Herr Bolduan, was will die Interessengemeinschaft erreichen, wofür tritt sie ein?

Der Märkische Abwasserzweckverband (MAWV) ist eine öffentlich rechtliche Einrichtung, die dem Wohle der Allgemeinheit zu dienen hat. Mir fällt es schwer zu sagen, dass der MAWV vordergründig dieses Ziel verfolgt. Seine Beitragspolitik, insbesondere was die Wasseranschlüsse aus DDR – Zeiten und davor angeht, sehe ich als Abzocke an. Ich sage es ganz deutlich, wir wollen diesen Altanschließer Beitrag kippen.
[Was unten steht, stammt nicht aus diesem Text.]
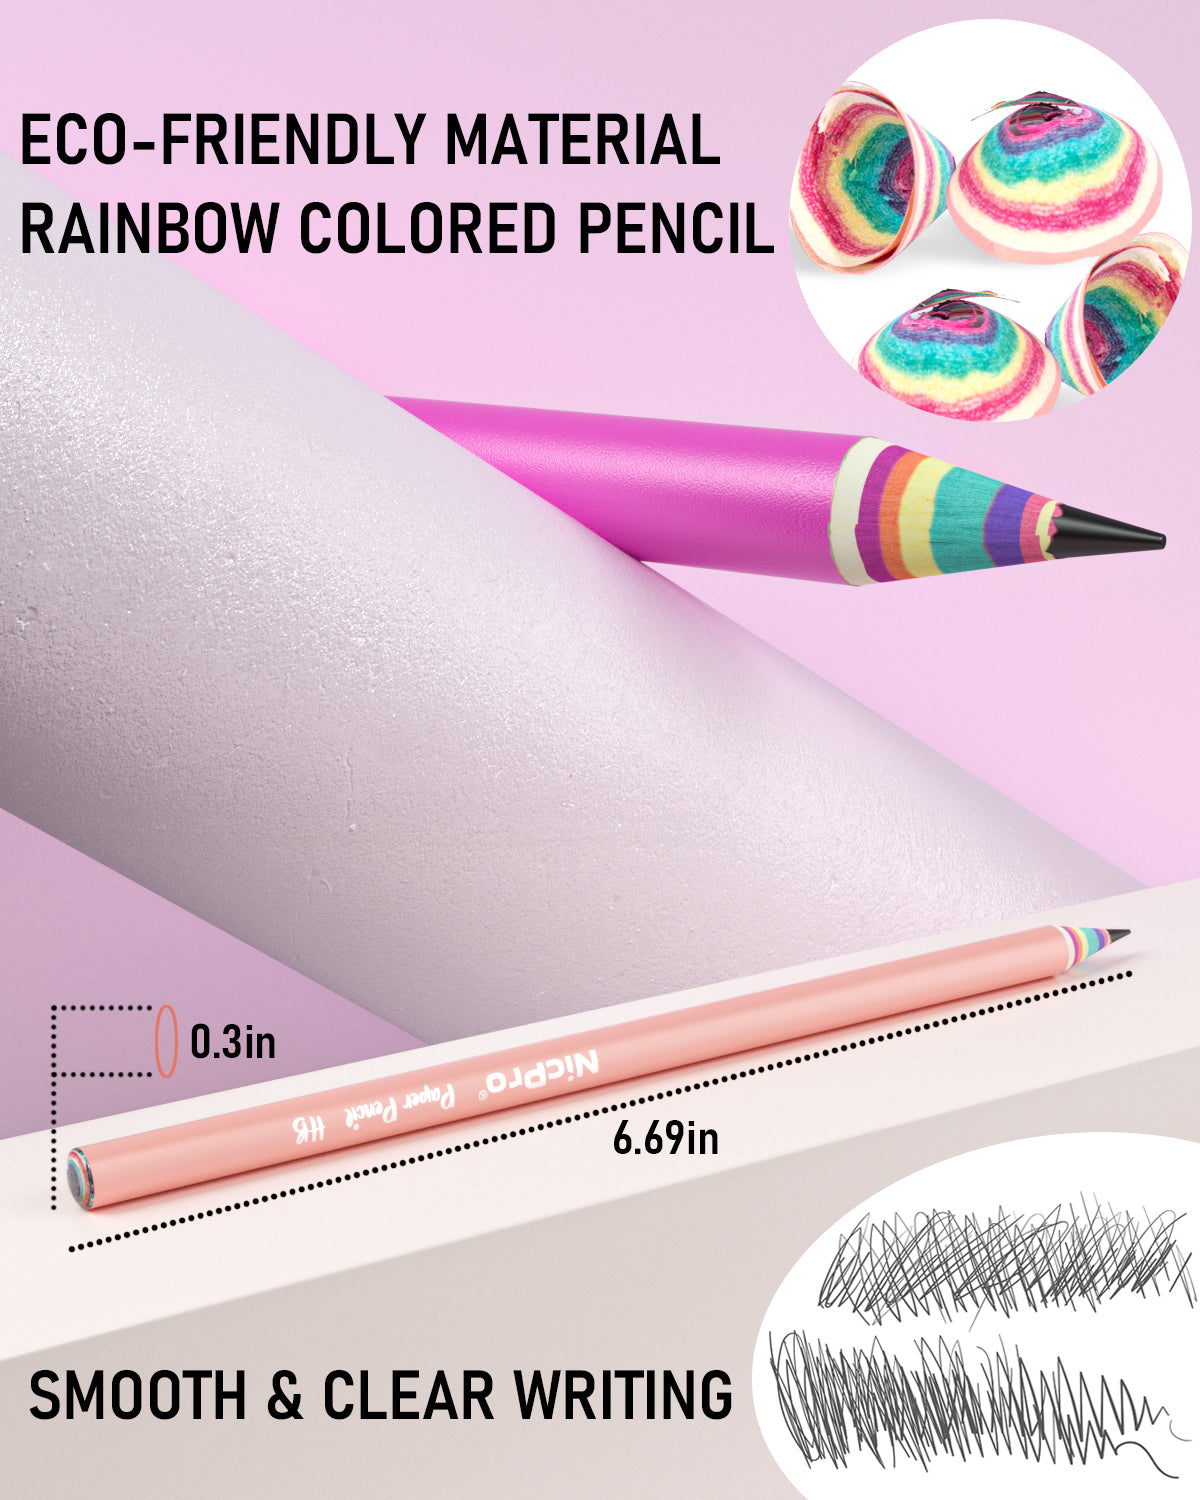 Nicpro 24PCS Rainbow Pencils HB #2, Cute Pastel Pencils Pre-Sharpened Wooden Pencils, Break-Resistant & Eco-friendly Recycled Paper Pencil For Kids Student Drawing Writing, School Supplies, 6 Colors

Die gezahlten Beiträge sind an die Bürger zurückzuzahlen und es muss ein Runder Tisch gebildet werden, um die Arbeit des MAWV zu kontrollieren und transparent zu gestalten.

Reinhard Bolduan befasst sich seit Jahren mit dem Thema Altanschließer. Seine Devise lautet: "Die Bürger dürfen nicht immer hinten dran stehen."

Reinhard Bolduan befasst sich seit Jahren mit dem Thema Altanschließer. Seine Devise lautet: “Die Bürger dürfen nicht immer hinten dran stehen.”

Aus ihren Worten hört man Misstrauen gegenüber dem MAWV heraus. Täuscht der Eindruck?

Ganz und gar nicht, der MAWV gibt uns Anlass misstrauisch zu sein. Ein Beispiel. Am Verwaltungsgericht in Cottbus sind mehrere Klagen des Verbands Deutscher Grundstücksnutzer (VDGN) wegen fehlerhafter Bescheide anhängig. Immer wenn dem MAWV vom Gericht Auflagen zur Offenlegung seiner Kostenkalkulation oder seiner Investitionen erteilt wurden, zieht er plötzlich den streitgegenständlichen Kostenbescheid zurück. Da muss man sich doch die Frage stellen, warum ist denn das so? Alle Satzungen des MAWV von 1991 bis 2013 waren nicht rechtskonform, ständig wurden sie korrigiert. Da muss man das Vertrauen verlieren.

Was ist daran verkehrt, dass der MAWV Beiträge für Investitionen erhebt?

Viele Grundstücksbesitzer haben bereits in den 30iger Jahren ihre Erstinvestitionen für Wasser- und Abwasseranschlüsse beglichen. Über 80 Jahre wurden Gebühren für Instandsetzungen gezahlt und dementsprechend Rücklagen gebildet. Warum müssen diese Grundstücksbesitzer jetzt noch einmal bezahlen, wenn Leitungen erneuert werden sollten, schließlich liegen die alten Leitungen noch drin? Und gerade aus diesem Grund ist das Beitragsmodell nicht nur undemokratisch, sondern auch unter dem sozialen Aspekt nicht gerecht. Der Gleichheitsgrundsatz gebietet, dass Neu Anschließer auf unbebauten Grundstücken ihren Anteil am gemeinschaftlichen Eigentum bezahlen.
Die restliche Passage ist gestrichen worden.